After playing with the glowforge for a while I wanted to get into making laser cut models. Several years ago I saw a vintage looking rocketship lasercut model in a toy store in Jerome, AZ and the shape and idea has been stuck in my head since so I decided to start there.
After watching and following a few Fusion360 tutorials I figured enough out to generate the parts and the result is decently retro.
it fit almost perfect over an edison bulb light I had that was already space themed.
I cut it with medium draftboard. Didn’t have the time or tools to make sure it was a good fit in the proofgrade material. I ended up printing two of the circle holding sections and it was a loose fit, but good enough to keep the kids occupied. Plus it gives them something to glue
I’m thinking about making a version that has shelves instead of an open center, so the kids can send their hatchimals to space.
I’m new to fusion 360, is it possible to share the actual cad files? I’d appreciate seeing how you put it together.
Regardless, Thanks from myself and all the kids over having a space themed pancake breakfast!
It looks great as a lamp. That version is slotted for 0.15 material, and I get a decent friction fit with cardboard, but yes eighth inch material would be kind of loose fitting. I made a version for some supposedly eighth inch plywood I get at a local craft store, but unfortunately that was about 0.1175 in width, not really near proofgrade dimensions at all. That kind of variability in “eighth inch material” is super annoying.
A hatchimals rocket sounds like a neat idea. You could take those svg files and remove the interior circles from the bulkheads so they become shelves for passengers. Next challenge, leave an opening in the side for a door.

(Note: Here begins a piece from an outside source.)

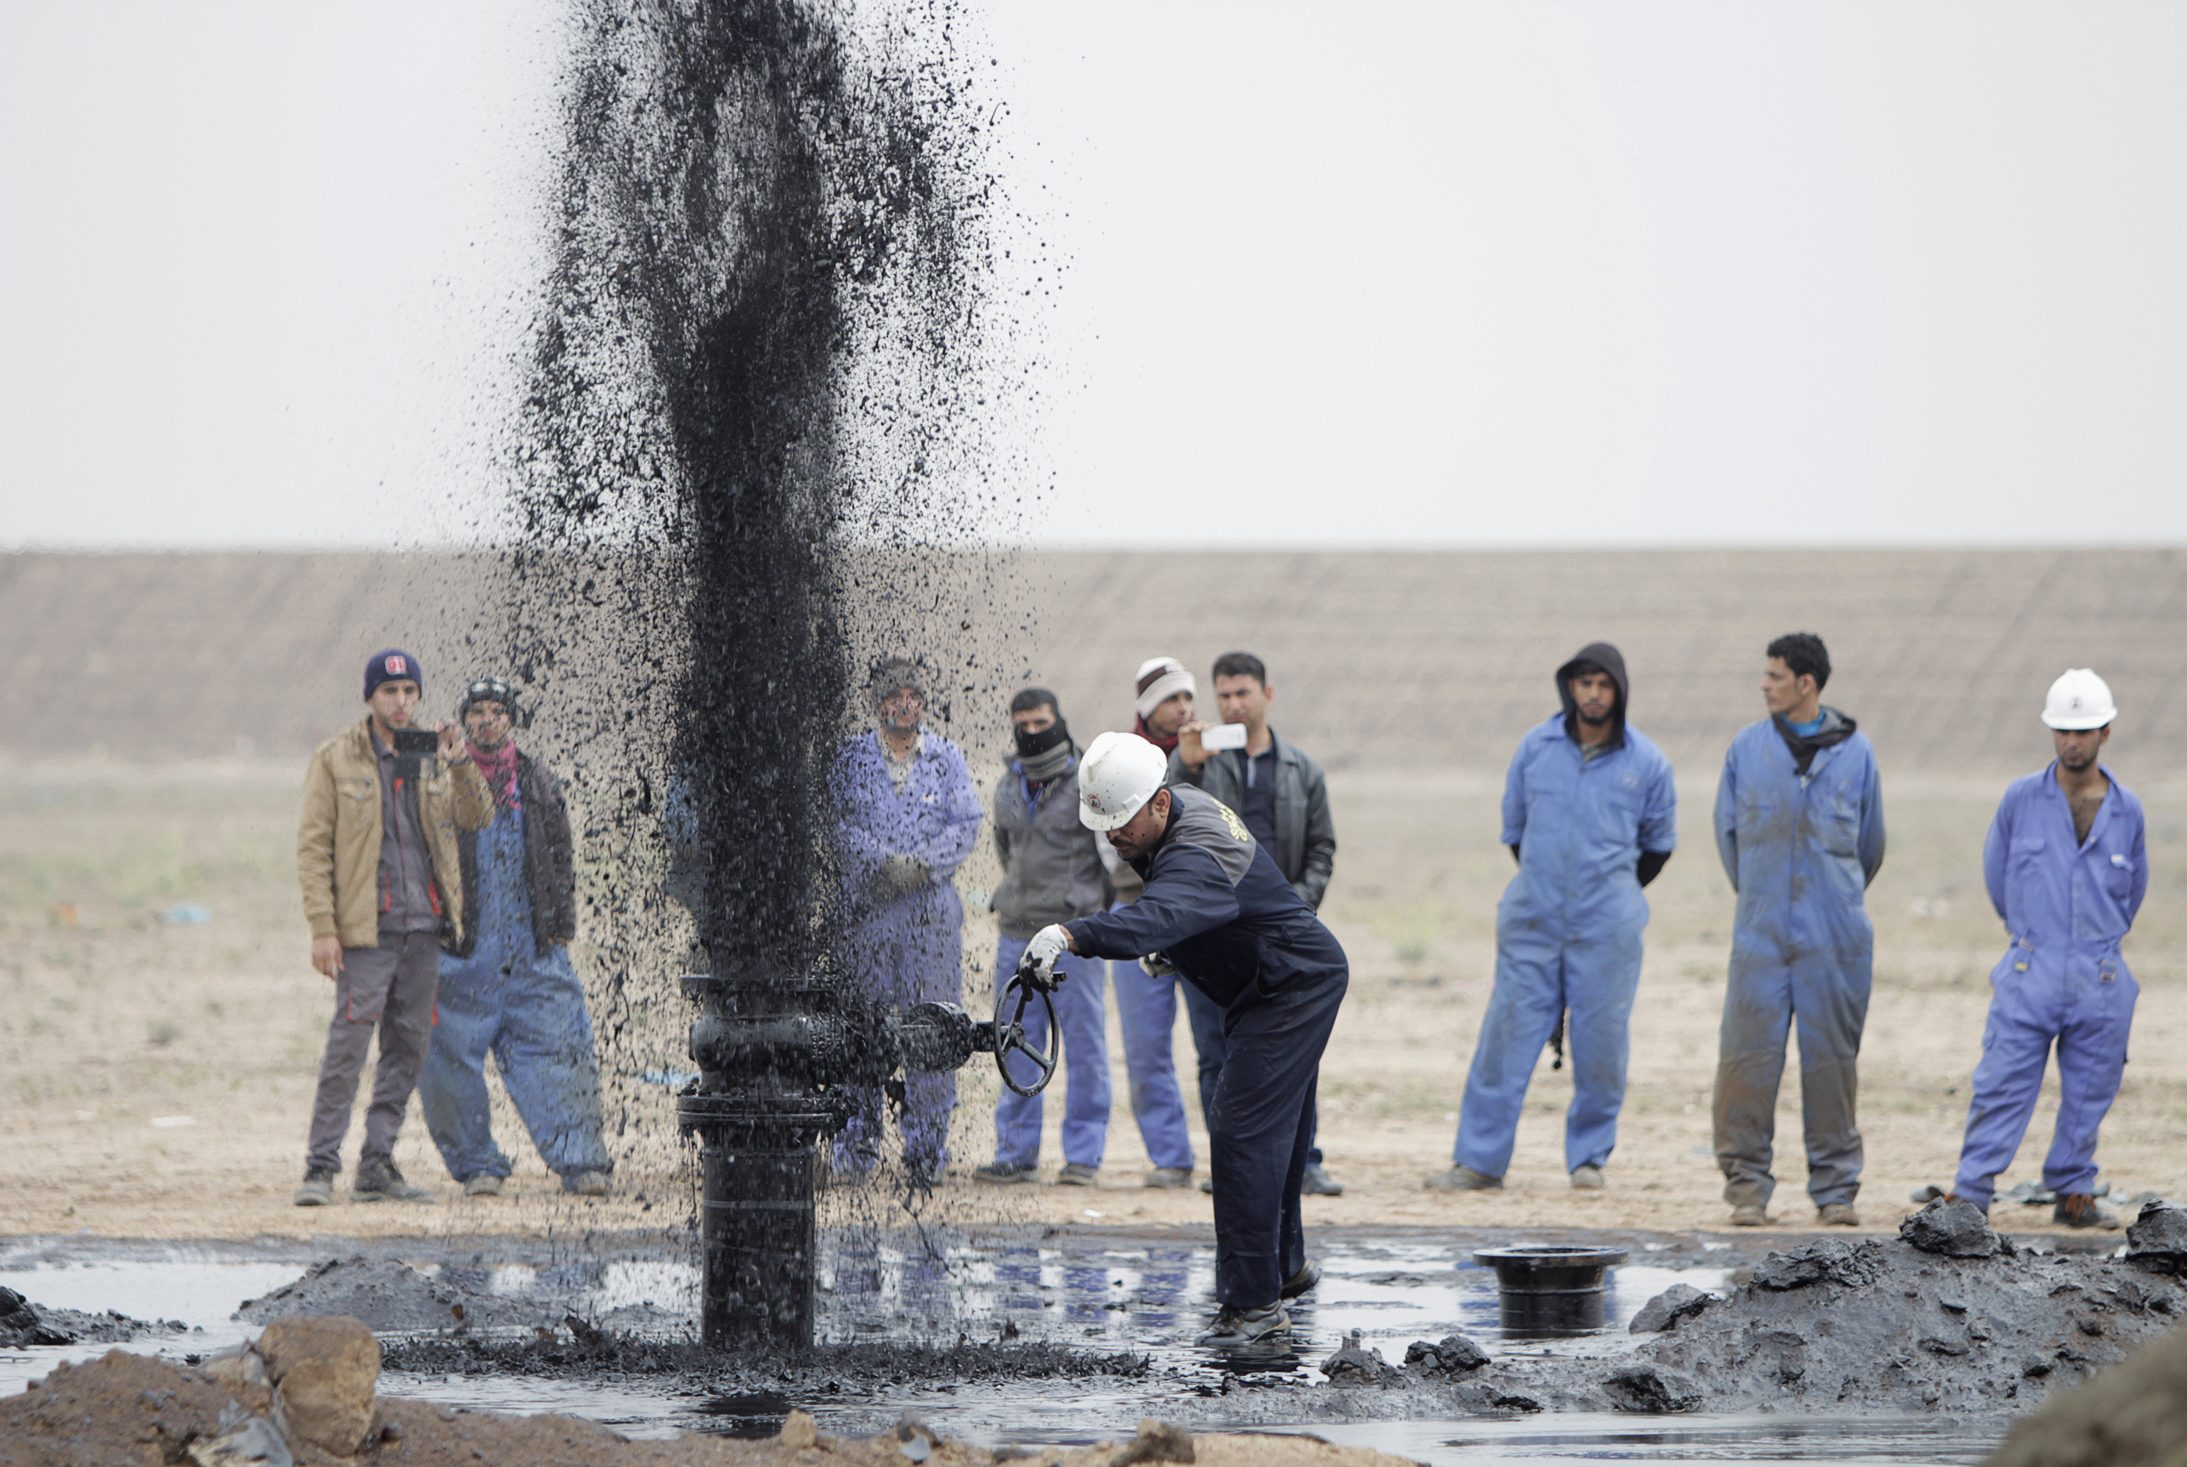 ¿Es válida la relación ente el consumo de pollo y las importaciones de petróleo?
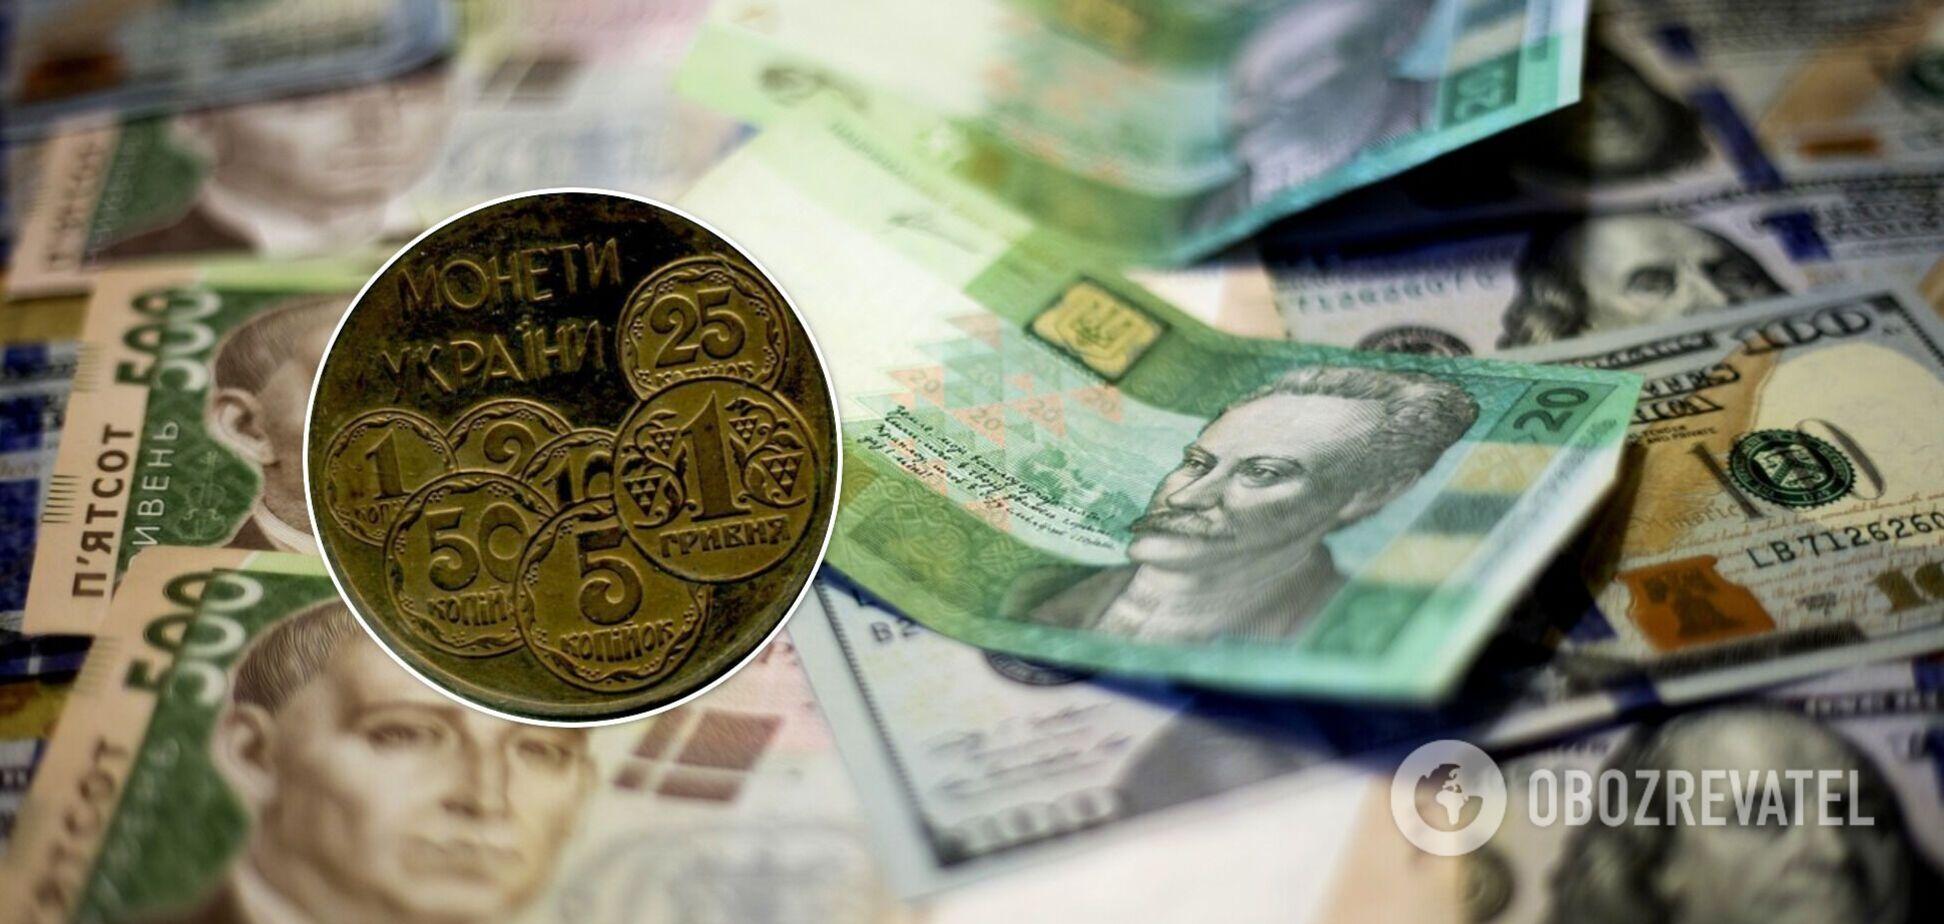 Як виглядає рідкісна монета

It looks like there’s an option to download a version for Fusion360 (upper right corner), which hopefully will let you load it and look around. The design contains a parameter (modify -> Change Parameters) named “material_thickness” which will adjust the slots for a different source material width. Also note how I incorporated the laser kerf into the slot width calculation. Fusion360’s parametric nature is very useful for this sort of thing.
I’ll warn you though, I’m still learning Fusion, and the workflow for getting that design into the forge isn’t really optimal. I have to export the rib and bulkhead sketches generated by the last four steps as DXF files, then import those into Inkscape for layout. Unfortunately, splines in Fusion (which I used to generate the shape of the rib) can’t be imported to Inkscape. Fortunately though the slots and other straight lines do export, so I just fill in the gaps using Inkscape, being sure to keep the slots exactly the same size and in exactly the same relation to each other. I had an exported picture of the rib which I imported into Inkscape so I could trace over it in there. All a bit annoying, but it works.
In my second design I avoided using splines altogether, so the workflow to svg is much more straightforward.
Fusion360 is well worth your investment of effort though, it’s a very powerful modeling tool.
Hello, I think you lead me to my next project for a novice like me!
I never cut corrugated cardboard before. I happen to have .15 sheets. What settings worked for you? I checked and everyone seems to be different and I don’t want to start a fire if I start with the wrong starting point
For non-PG settings you’ll need to look over in Beyond the Manual – that’s the only place we’re allowed to discuss them, lest we upset the FNLs. A search for “cardboard settings” brought back this thread that should prove useful: Settings for Cutting/Scoring Corrugated Cardboard
As geek2nurse pointed out, there are a lot of cardboard settings in Beyond the Manual. A couple things to note. The first is that what works for one piece of cardboard won’t work the same for the next. Cut it enough and you can start to make fine adjustments to your settings just be studying the cardboard. The second is you’re fighting a battle between charred edges and cutting all the way through. Unlike draft board and plywood where the charred edge is either something that works or is something you want to make go away, with cardboard the charred edge adds the extra fun of sooty fingers. If you dial it back you wind up with something like a perforated cut. This is fine for a lot of things, but can be problematic on more intricate designs.